The same day I read about surgeries being cancelled, I receive an article from Women’s eNews on the topic of Caesarean birth.
I am not a great proponent of sections, far too many are done unnecessarily and I think it is just another way women are taught to distrust their bodies and their abilities.
It is also interesting that there is space to do so many of these unnecessary surgeries yet cancer surgeries are being cancelled.
At 30 percent of all deliveries, the current national Caesarean-section rate in the United States is twice the 15 percent maximum rate recommended by the World Health Organization and three times the preferred rate cited by many researchers.
This article shows the despite the claims that C-sections are better for baby and cause no harm to moms, in fact the opposite is true.
C-section rates are increasing worldwide, with one in four newborns in Canada now being delivered via an incision in its mother’s belly, compared with 17% in the early 1990s.
But a new World Health Organization-led study involving more than 97,000 deliveries in Latin America found that hospitals with the highest rates of Caesareans had higher rates of maternal death and illness — including conditions requiring blood transfusions — and had higher numbers of babies who died or were admitted to intensive care for seven days or more after birth.
The results, published online by the journal The Lancet, “show how a medical intervention or treatment that is effective when applied to sick individuals in emergency situations can do more harm than good when applied to healthy populations.”
While the study involved Latin American hospitals, the researchers believe the findings would hold true “beyond the participating institutions.”
Major pieces of research released in 2006 showed that women who undergo cesareans versus women experiencing a vaginal birth have a higher risk of dying in childbirth, have a higher chance of suffering from potentially fatal placental problems in subsequent pregnancies, and their babies have a higher chance of being injured during surgery
Further from the eNews story;
“Some of my colleagues think it should be higher,” Flamm says. “I have heard some doctors say that all women should have babies by C-section, that vaginal births are archaic. Some docs have a C-section rate of 50 percent because they believe in their hearts it’s the best thing for their patients.”
Classic patriarchal statement about the frailty and defectiveness of the female body
Great article about that here
The patriarchy firmly believes that it’s much easier to convince women we are weak than it would be to convince men that they are. We must not let them. Women are strong, vital, vibrant and complex, and our bodies are made to withstand tremendous changes. The fact of our strength is a huge threat to men: beware their attempts to undermine it. Menstruation, pregnancy, breastfeeding, and menopause are not states of illness. They are further proof of our bodies’ tremendous creative potential.
I wonder what other natural processes this doctor finds archaic. Strange that it is archaic for the vagina to be used for birth but not procreation. Perhaps the good doctor has had surgery to fit himself with a colostomy bag the act of relieving ones self having become so 2005.
Surgical birth adds unnecessary cost to the health care budget as c-section patients have greater care needs, stay in hospital longer are more likely to return with subsequent problems, have babies who are more likely to require care, and are likely to be advised to have surgery for subsequent births.
Care by properly trained midwives, providing good positive prenatal care, and a patient centred birth has shown to greatly decrease the need for medical intrusions, speed up the labour process, and result in fewer injuries to babies.

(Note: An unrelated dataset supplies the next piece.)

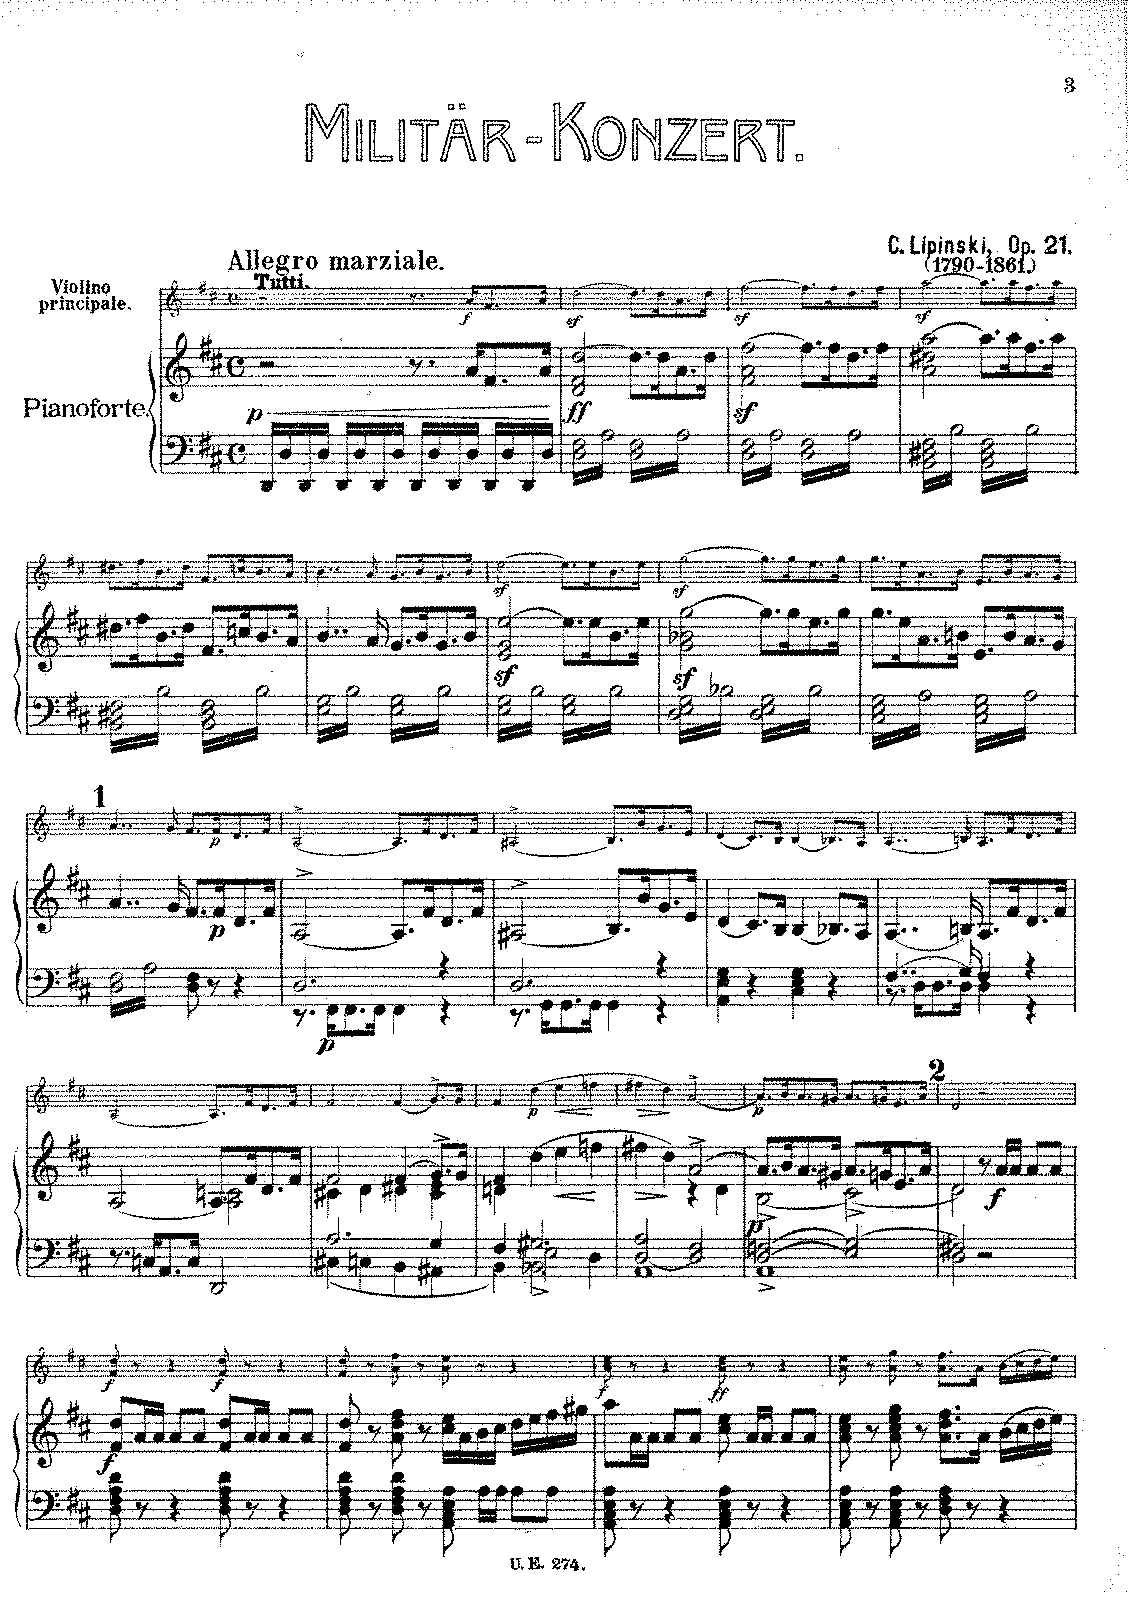 Op. 21

Pregnancy and birth do carry risks both during and after, however, most births do not require medical interventions. It is time to stop treating doctors as superheros and birth as a made for TV drama.
Midwives say current popular culture does little to subdue the sense of danger and complication surrounding childbirth.
Cibelli, for instance, says “The Baby Story,” a program on the Learning Channel that shows labor and birth experiences, recorded several of her patients delivering their babies in the hospital, but none of them was shown.
“The filmmakers told us that mine were just too normal. What really sells is drama. They love the rushing down the hallway to save the baby’s life to do a C-section. Mine were quiet, with dimmed lights. The people filming thought they were wonderful, but they knew they were not going to sell because they were not sensational.”